Explicações, por favor?
— Todo o nosso trabalho já era. — Bruce comentou, enquanto eles estavam reunidos no laboratório de Tony, a atmosfera era tão tensa, que dava para cortar o ar com uma faca. — O Ultron foi embora, ele usou a internet como uma porta de fuga.
— Ultron. — Steve resmungou, pensativo.
— Esteve em contato com tudo, arquivos, câmeras... — Nat disse — Provavelmente sabe mais sobre nós do que sabemos um do outro.
Ela cruzou os braços, encostando-se ao seu lado.
— Ele está nesses arquivos, está na internet... — Rhodes falou, caminhando ao redor do laboratório, segurando seu braço machucado. — E se ele decidir acessar alguma coisa um pouco mais... interessante?
— Códigos nucleares. — Maria completou o pensamento dele.
— Precisamos entrar em contato com a SHIELD. — Steve disse.
Lynna encolheu os ombros.
— Eles também estão offline. — ela comentou.
— Como você sabe disso? — Tony arqueou a sobrancelha, cruzando os braços.
Ela sacou o dispositivo do bolso da calça, sacudindo-o na frente dele.
— Acha que não tentamos entrar em contato? — questionou-o, monotonamente.

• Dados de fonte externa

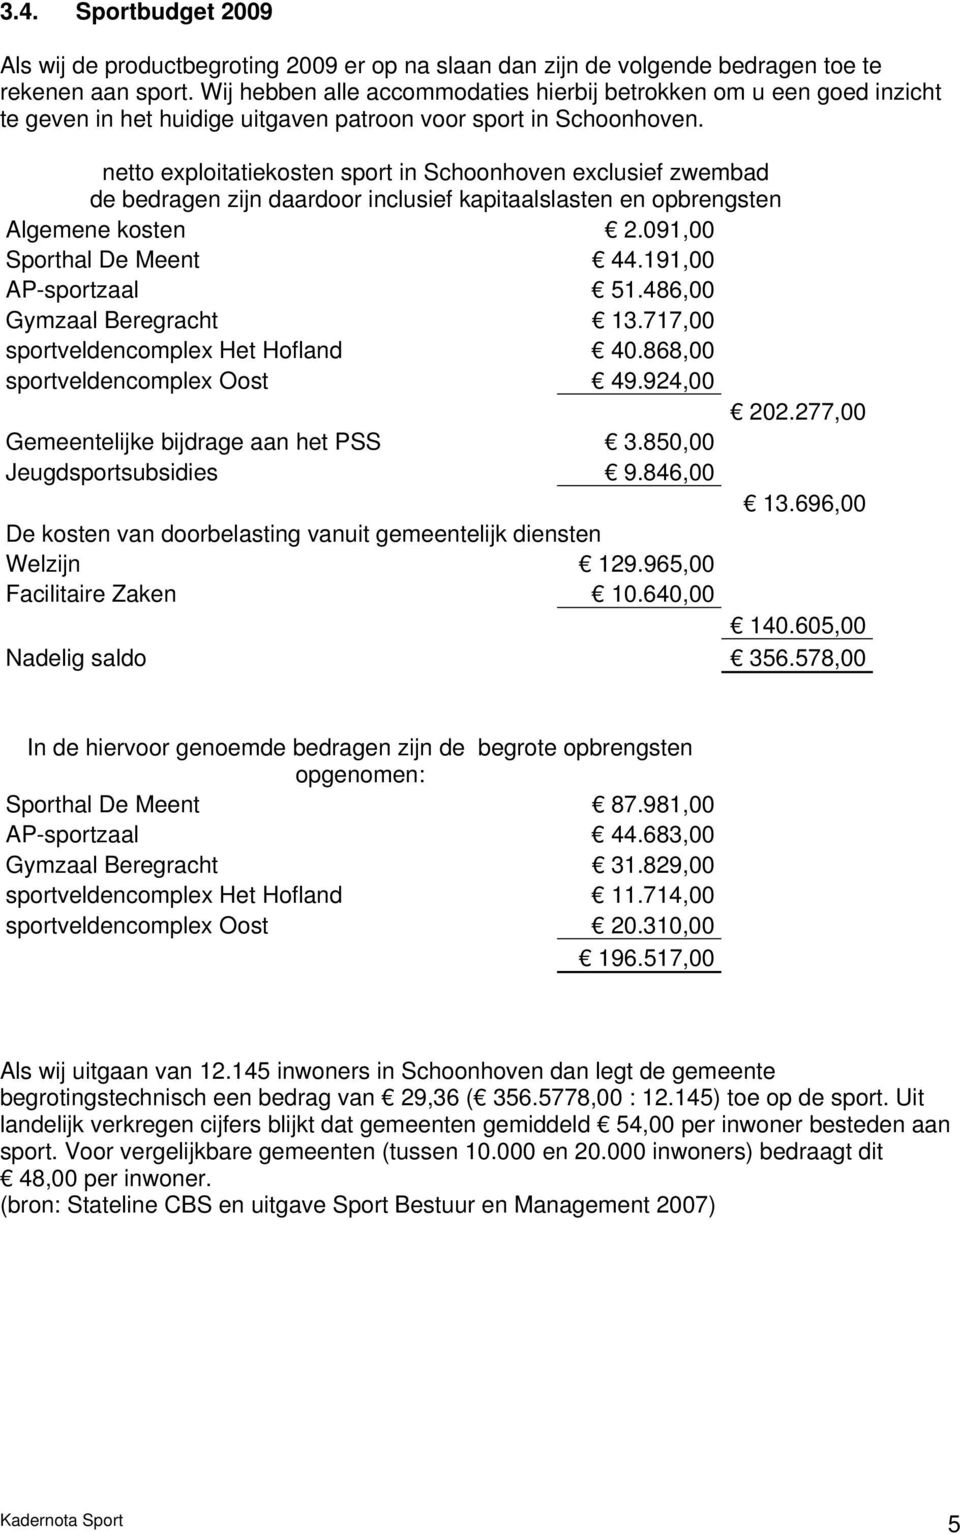 netto exploitatiekosten sport in Schoonhoven exclusief zwembad de bedragen zijn daardoor inclusief kapitaalslasten en opbrengsten Algemene kosten 2.091,00 Sporthal De Meent 44.191,00 AP-sportzaal 51.

— Se Ultron acessar os programas da SHIELD teremos um problema ainda maior. — Hill disse.
— Ainda mais quando há arquivos da Hydra no sistema deles. — Lynna voltou a falar. — Não sabemos que coisas tenebrosas eles escondem.
Seu pior pensamento era que o robô maldito pudesse fazer alguma coisa com o veneno mais poderoso deles.
Eles suspiraram alto.
— Então ele basicamente quer bombas? — a doutora Cho questionou.
— Ele nos queria mortos. — Natasha deu de ombros.
— Não foi o que ele disse. — Steve corrigiu. — Ele disse extintos.
— Ele também disse que matou alguém. — Clint falou.
— Mas não havia mais ninguém no prédio. — Hill franziu o cenho.
— Havia sim. — Tony disse, mostrando a matriz alaranjada de JARVIS, completamente danificada.
Bruce caminhou até ela, perplexo.
— Isso é loucura!
— JARVIS era a primeira linha de defesa. Tentou desativar o Ultron, faz sentido. — Steve argumentou.
— Não. — Bruce rebateu suavemente. — O Ultron poderia ter assimilado o JARVIS, isso não é estratégia, isso é... raiva.
Nesse momento, Thor irrompe a sala com passos pesados e uma expressão assassina no rosto. Ao seu lado, Han apertou suavemente a sua mão, assustada.
— E tá se espalhando. — Clint comenta quando Thor agarra Tony pelo pescoço, erguendo-o do chão.
— Fale com palavras, amigo. — Stark pede num fio de voz.
— Tenho mais do que palavras para descrever você, Stark. — ele disse enraivecido.
Eita, é agora que o inferno congela.
— Thor. — Lynna suspirou, fazendo-o encará-la. — Desse jeito não conseguiremos nada. Respire, acalme-se.
Ele soltou o Homem de Ferro, que cambaleou um pouco. O olhar que o asgardiano lhe deu foi completamente estranho, como se ele quisesse lhe dizer algo, mas ainda estava decidindo se essa seria uma boa hora ou não.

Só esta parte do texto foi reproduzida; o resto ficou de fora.